Now I turn on replication of this VM and set the VM to replicate from node pve1 to nove pve2. That's the reason I had to go for ZFS. Can't have storage replication working without it. OK that works. Now I can migrate the VM much more quickly. Great, it's sort of a poor mans DR plan. Not I have my VM on pve1 and that VM is "storage replicated" to pve2. I make another fio test on pve1 and still get around 3500 IOPS. ZFS snapshots have no visible cost. Life is great,

Then I migrate this (storage replicated) VM from pve1 to pve2. It goes very fast, because it is already replicated, and that is great.

But now this is what happens: After I replicate the VM (from node pve1 to node pve2) and then migrate it (from pve1 to pve2) and now do a fio test inside the VM on pve2 -> I get about 200-400 IOPS ! Instead of 3500 that I normally if I migrate without replicating first.

Now that's more that 10 times lower IOPS !
I spend the last cca 12 hours trying to pinpoint the root cause of this.

If I remove replication from the VM and then migrate the VM to another node -> I get 3500 IOPS inside the VM on the other node. Always.
If I have replication active and them migrate -> on the other node I get 200-400 IOPS in the VM. It doesn't mater from which node I migrate to the other - if there was replication and then migration -> IOPS on target will suck hard. Always.
Now get this: if I replicate then migrate (then have bad IOPS in the VM on the other node) and then I do this: on the target node, I move the VM disk to another local storage (on the same node) and then move the disk back to (local) ZFS storage -> then I get 3500 IOPS again inside the VM.

For some time I though this was due to ZFS replication, but it isn't. I can replicate, then migrate, then remove replication (so it removes all snapshots) but I still get same low IOPS.

Just to answer in advance, yes I always remove the fio test file before performing another test. This way ZFS writes all test data again, for each test. In my understating of how ZFS works, this is always news blocks and (provided space isn't heavily fragmented and I have enough free space - which I have 10s of TB and my VM is only 20 GB) that should be written to contiguous storage and, as such, not cause a problem. Even if I had snapshots, which I don't have. I still have very low IOPS until I either:
- migrate to another node (with replication removed) -> then I get full IOPS again, or
- move the VM storage to another local datastore and then move it back to ZFS datastore -> then again I get full IOPS back

I am at a loss here. This should not be happening and I have no clue why it happens.
If I get 10x less IOPS after replicating to another node what good does this give me for a DR scenario ? I have a VM ready to start, but... I have 1/10 of less IOPS on that VM if I do it this way. So I can't use storage replication. I'm stuck...

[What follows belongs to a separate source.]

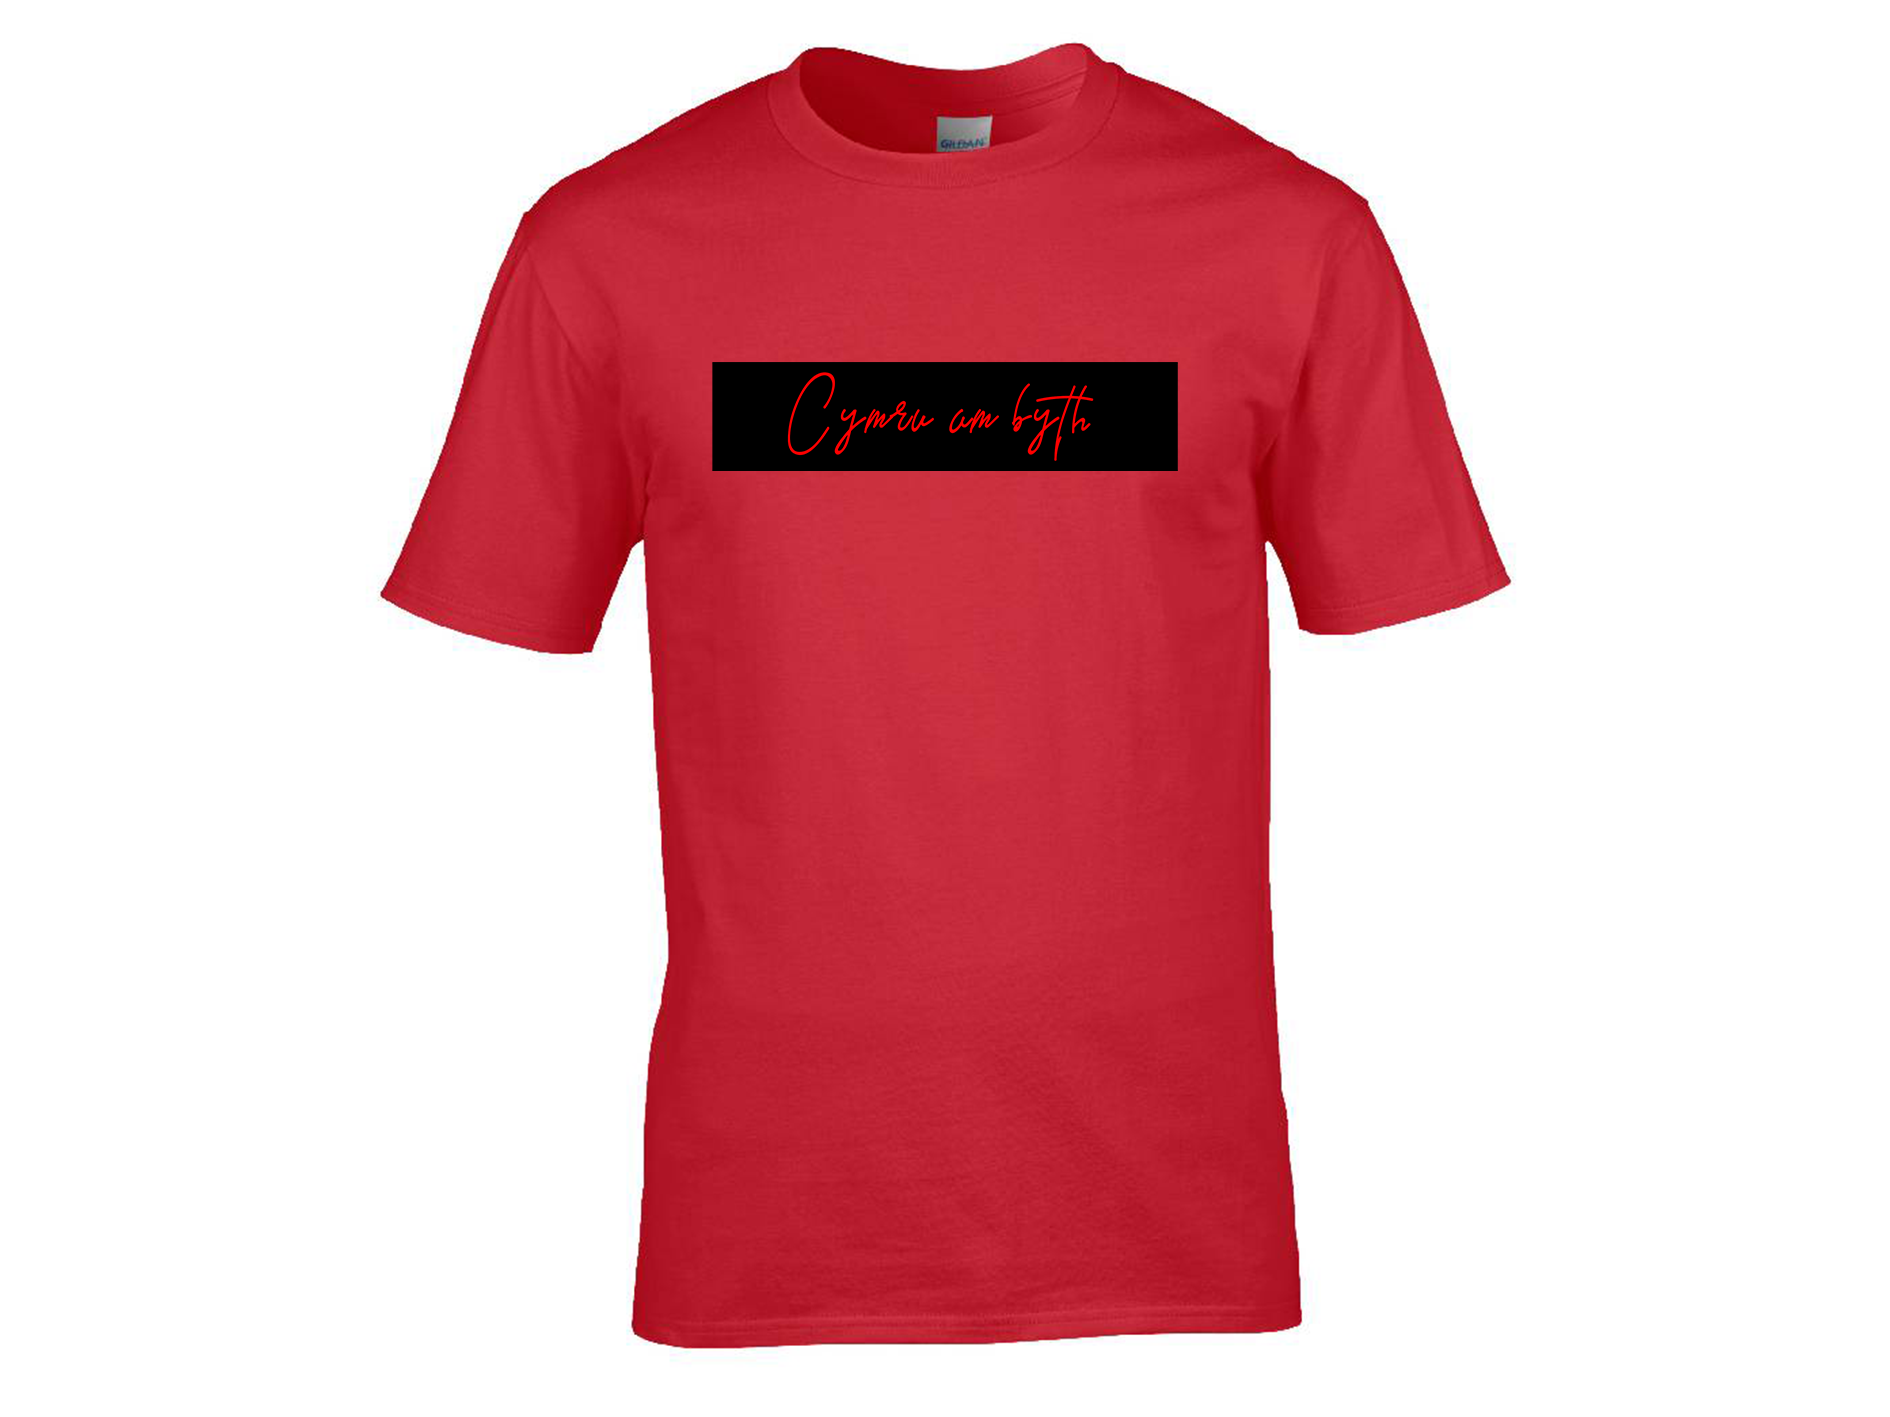 Cymru am byth t-shirt | Red

Does anyone have any idea what might be the cause of this. At this time I'm thinking it's some sort of a bug, somewhere. Bu I have no idea where to look.
I tried: changing cache mode, aio mode, changing in-VM mount options (someone somewhere found something about atime -> turned off atime) but nothing.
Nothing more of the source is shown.